Professional training 
Barnett’s professional career began in 1931, when he was accepted into the National Orchestral Association under conductor Leon Barzin, with whom he studied conducting for five years.  Then,  on June 5, 1936, at the age of 18, as a protégé of and accompanied by Barzin, Barnett sailed to Europe to study in Paris, Romania, London and other European cities for a year.    Funded by a conducting scholarship from the New York Philharmonic Society (the first of its kind), he first went to Paris, where he studied with composer and conductor of the Orchestre de Paris Georges Enescu and spent July and August at Enescu’s estate in Romania.  Barnett was the only conducting pupil that Enescu ever accepted.    In August of that year, he traveled to Salzburg, Austria, where he studied with conductor Bruno Walter, Felix Weingartner and the Vienna Philharmonic at the Mozarteum Academy.  While in Austria, he visited Linz and St. Florian, “the Bruckner cities”, and attended the Bruckner Festival.  Returning to Paris via The Orient Express September 2, 1936, he spent September 1936 through March 1937 in Copenhagen and Prague studying with the Russian conductor Nikolai Malko, traveling with him through England, Denmark and Russia and studying operatic conducting in Moscow, Leningrad and Kiev.  He spent over a year studying conducting in Europe, returning to Paris in the summer of 1937 to resume his conducting studies with Georges Enescu. He returned to the United States along with his mentor Georges Enescu later in 1937, mere months after his father died in February.

Early career 
Upon his return to America in 1937, Barnett was appointed assistant conductor to Leon Barzin of the National Orchestral Association,   and was invited to conduct for the New York Federal Civic Orchestra (part of the WPA Federal Music Project) twice a week in Brooklyn and New York.

In 1939, the 21-year-old conductor was appointed regular conductor of the Stamford Symphony Orchestra in Connecticut.  He followed previous conductor Hugo Kortschak, Dean of Music at Yale University. At the time, Barnett was known as the “youngest professional symphony conductor in the United States.”  In addition to his new post, he retained his other conducting posts in Brooklyn and New York.   One of his conducting performances included an appearance at the 1939 New York World’s Fair, where he conducted the Federal Knickerbocker Orchestra of New York at the WPA Building on May 28, 1939, part of which was broadcast over WYNC.

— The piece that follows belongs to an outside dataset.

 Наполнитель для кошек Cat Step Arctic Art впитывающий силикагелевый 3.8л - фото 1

Also, in 1939, Barnett was awarded the position of Principal Conductor of The New York City Symphony Orchestra after successfully guest conducting a semester-long Beethoven Cycle at Columbia University.  In The New York City Symphony’s Carnegie Hall series, he assisted famed conductors Sir Thomas Beecham, Fritz Reiner and Otto Klemperer, even taking over two of Dr. Klemperer’s Carnegie Hall concerts on short notice.

The World War II years (1940s) 
In 1941, Barnett was appointed conductor of the Brooklyn Symphony Orchestra, a newly-formed, all-professional organization sponsored by the Brooklyn Institute of Arts and Sciences, which debuted on November 12, 1941.

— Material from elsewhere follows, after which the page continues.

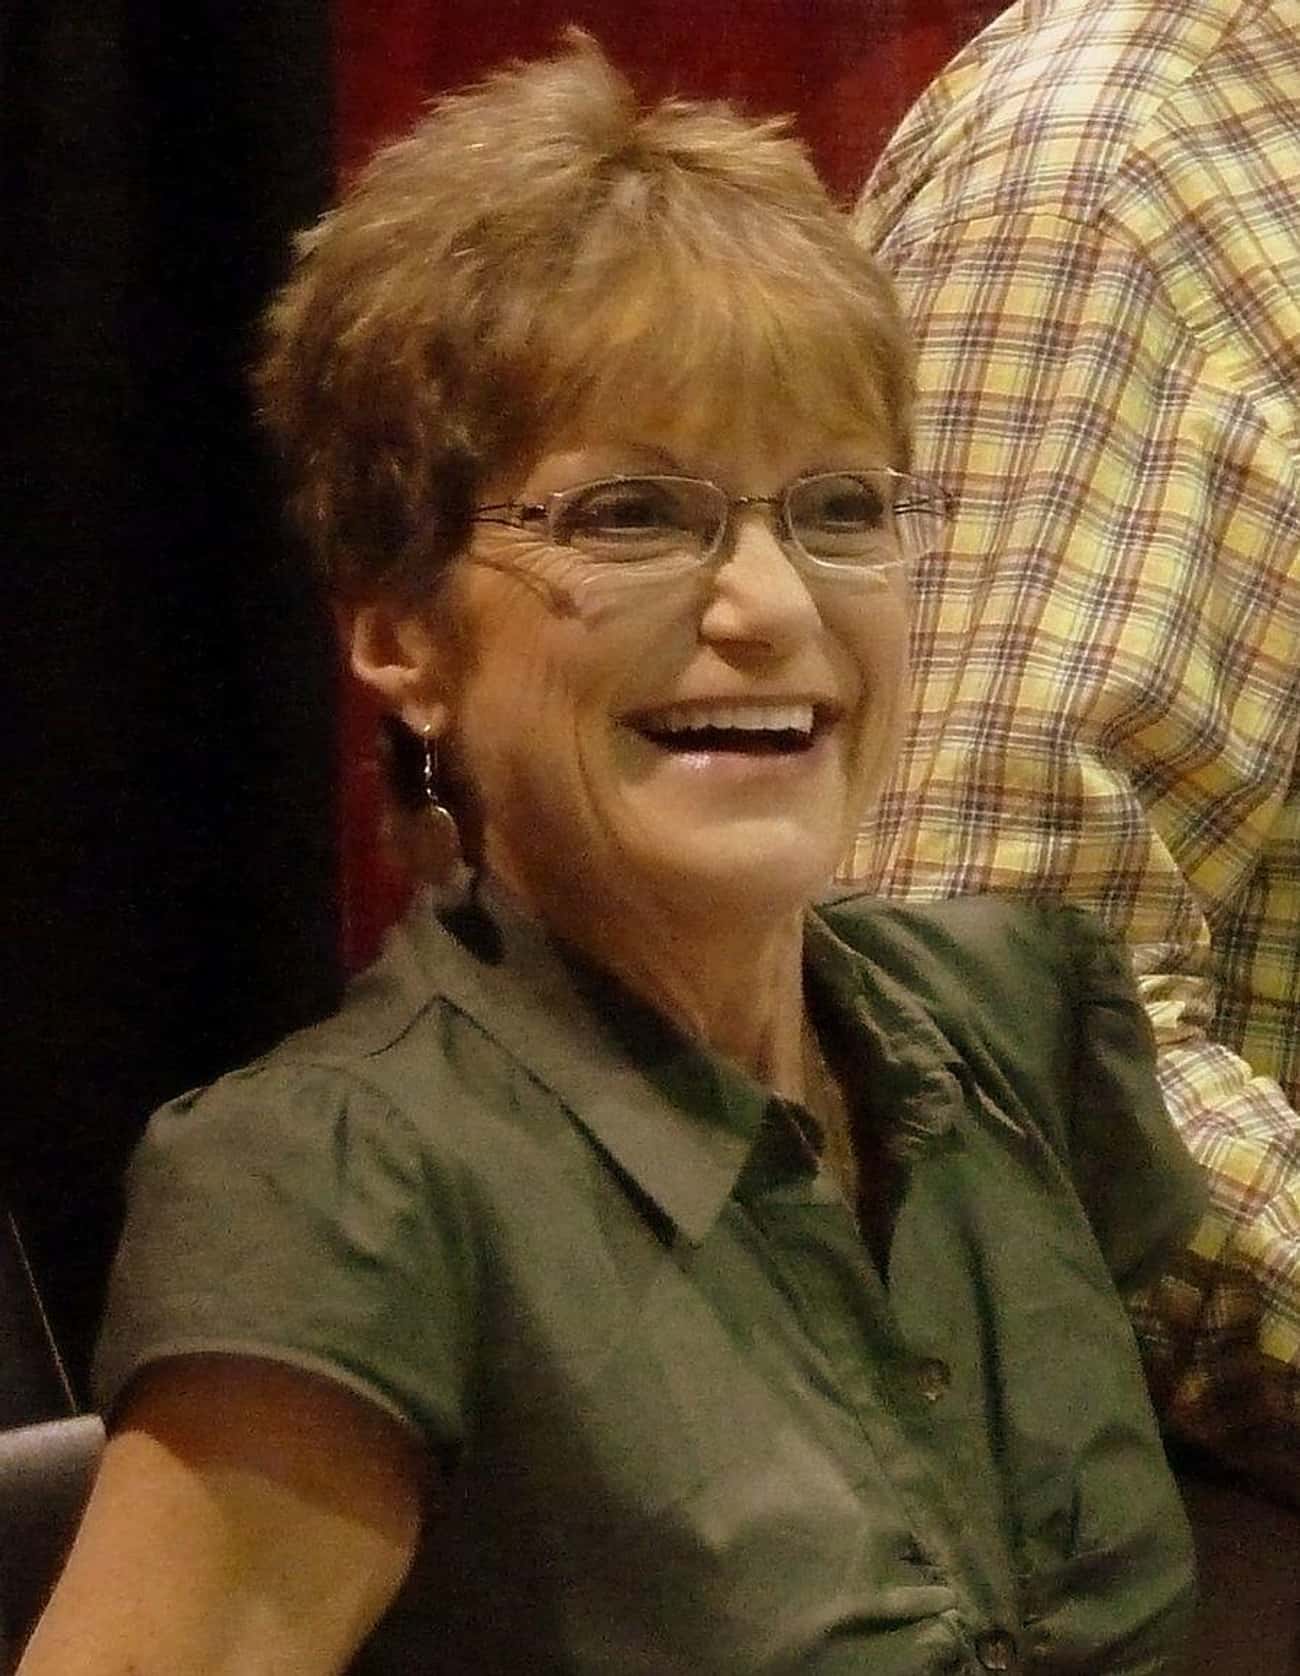 Denise Nickerson

Barnett joined the United States Army as a Chief Warrant Officer from 1942-1946, enlisting at Yaphank, New York on February 27, 1942.   Before the war, he was the conductor of the New York City, Brooklyn and Stamford (CT) Symphony Orchestras.  Over the course of the war, he organized bands in many military camps in the United States and overseas.   During the war, on Easter Sunday, April 9, 1944, he married South Carolinian Ruth Allen Gilland in the Army Chapel at Fort Rucker in Alabama.

In the last months of the war (January 1945), he conducted a War Bond Concert at the Civic Music Center in New York City,  which was broadcast by WQXR Radio.   In March 1946, after his discharge from the Army, he was given the Oliver Ditson Award by Columbia University which allowed him to resume his music career, and in fact was specially chosen by the University to conduct at Winston Churchill’s honorary degree conferral.   Thereafter, Barnett and his wife relocated to Southern California, where they settled down and had three children in the following decade.  From the fall of 1946 to 1948, he served as Associate Conductor to Alfred Wallenstein, conductor of the Los Angeles Philharmonic, and led the orchestra in nine appearances during both the 1946-1947 and 1947-1948 seasons.  He also conducted the orchestra in two appearances on the coast-to-coast broadcasts of the “Symphonies for Youth” series.

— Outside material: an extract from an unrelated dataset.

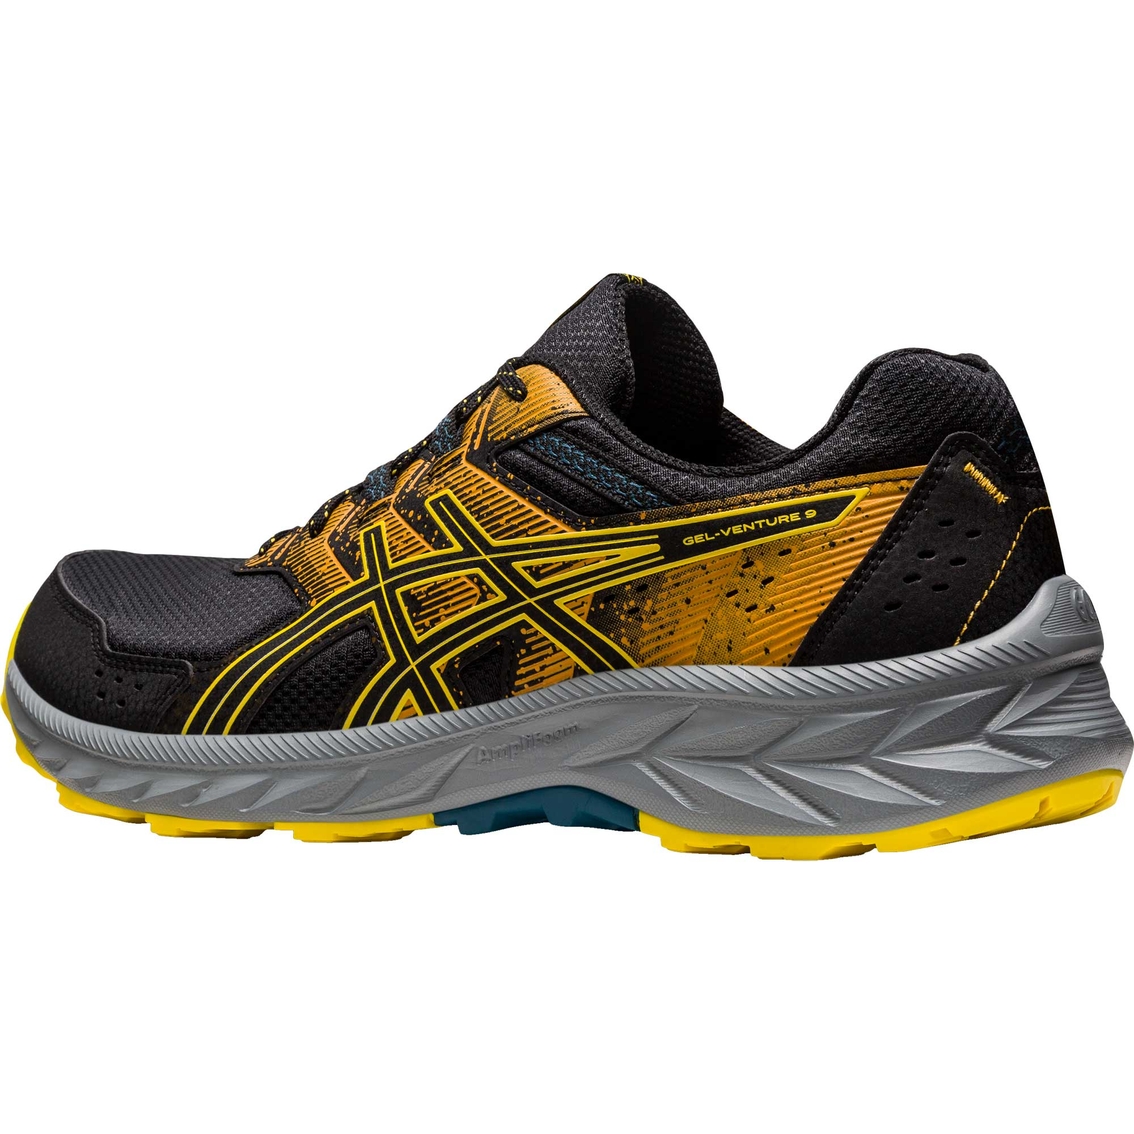 Asics Men's Gel Venture 9 Running Shoes | Men's Athletic Shoes | Shoes ...

During his years in California, Barnett served as Associate Conductor of the Los Angeles Philharmonic, Music Director of the Hollywood Bowl and of the Pacific Coast Music Festival, Conductor of the Phoenix and San Diego Symphony Orchestras and, for over ten years, he also conducted the NBC Network’s “Standard Hour” broadcasts of the Los Angeles Philharmonic’s performances.  The weekly live one-hour broadcasts were sponsored by Standard Oil Company of California showcasing the talents of major orchestras on the West Coast, and broadcast wherever the company’s products were sold.

After serving for two seasons with the Los Angeles Philharmonic, 30-year-old Barnett was appointed conductor of the newly-formed Phoenix Symphony Orchestra.   That position would last only two seasons, culminating in his dismissal by the Board of Directors on April 25, 1949.   He returned to Los Angeles thereafter.

The Phoenix Symphony Orchestra with Barnett at the helm debuted November 10, 1947.  Barnett commuted back and forth from Los Angeles,  where he was associate conductor of the Los Angeles Philharmonic, bringing musicians with him as needed to supplement the fledgling orchestra.  The season was a successful one and Barnett was re-engaged as conductor for the 1948-49 season.  However, by April of 1949, relations had soured between Barnett and the Phoenix Symphony Association’s Board of Directors.  On April 25th, the President of the Board announced that they would engage a resident conductor who would also take on the responsibilities of a professorship at Arizona State College at Tempe, and that Barnett need not apply because “he would not get it.”    Barnett’s response was that “I would never apply for a position I had already proved I could hold.”  The next day, Barnett met with the orchestra and said that none of the complaints against him had anything to do with the music or the development of the orchestra.  He said his dismissal was “on purely social grounds, although the term used was ‘poor public relations.’”   He claimed his principal mistake was not attending a Phoenix Symphony Association party the evening after the Concertmaster’s performance, and this offended certain Phoenix Symphony Association Board members.  He explained that he (and his orchestra) were rightfully exhausted after performances and he simply could not attend.  He had previously suggested parties be held the night before a performance, which suggestions went unheeded.  The second reason he gave was his rejection of broadcasting symphony concerts for which the Symphony Association would not be paid.  The third reason he gave for his ouster was that he had complained about lack of dressing facilities for concerts at Arizona State College and the fact that no hotel arrangements had been made for musicians imported from out of the Tempe area, and finally, claimed that the Phoenix Symphony Association’s Board of Directors was “antagonistic toward the musicians union.”    After terminating its founding conductor Barnett, the Phoenix Symphony Association Board of Directors would have a hard time holding onto its conductors, chewing through five of them in its turbulent first quarter-century of existence.

Middle career 
On February 20, 1956, Barnett was named the conductor of the Guild Opera Company of Los Angeles,  a position he was to hold for twenty-five years.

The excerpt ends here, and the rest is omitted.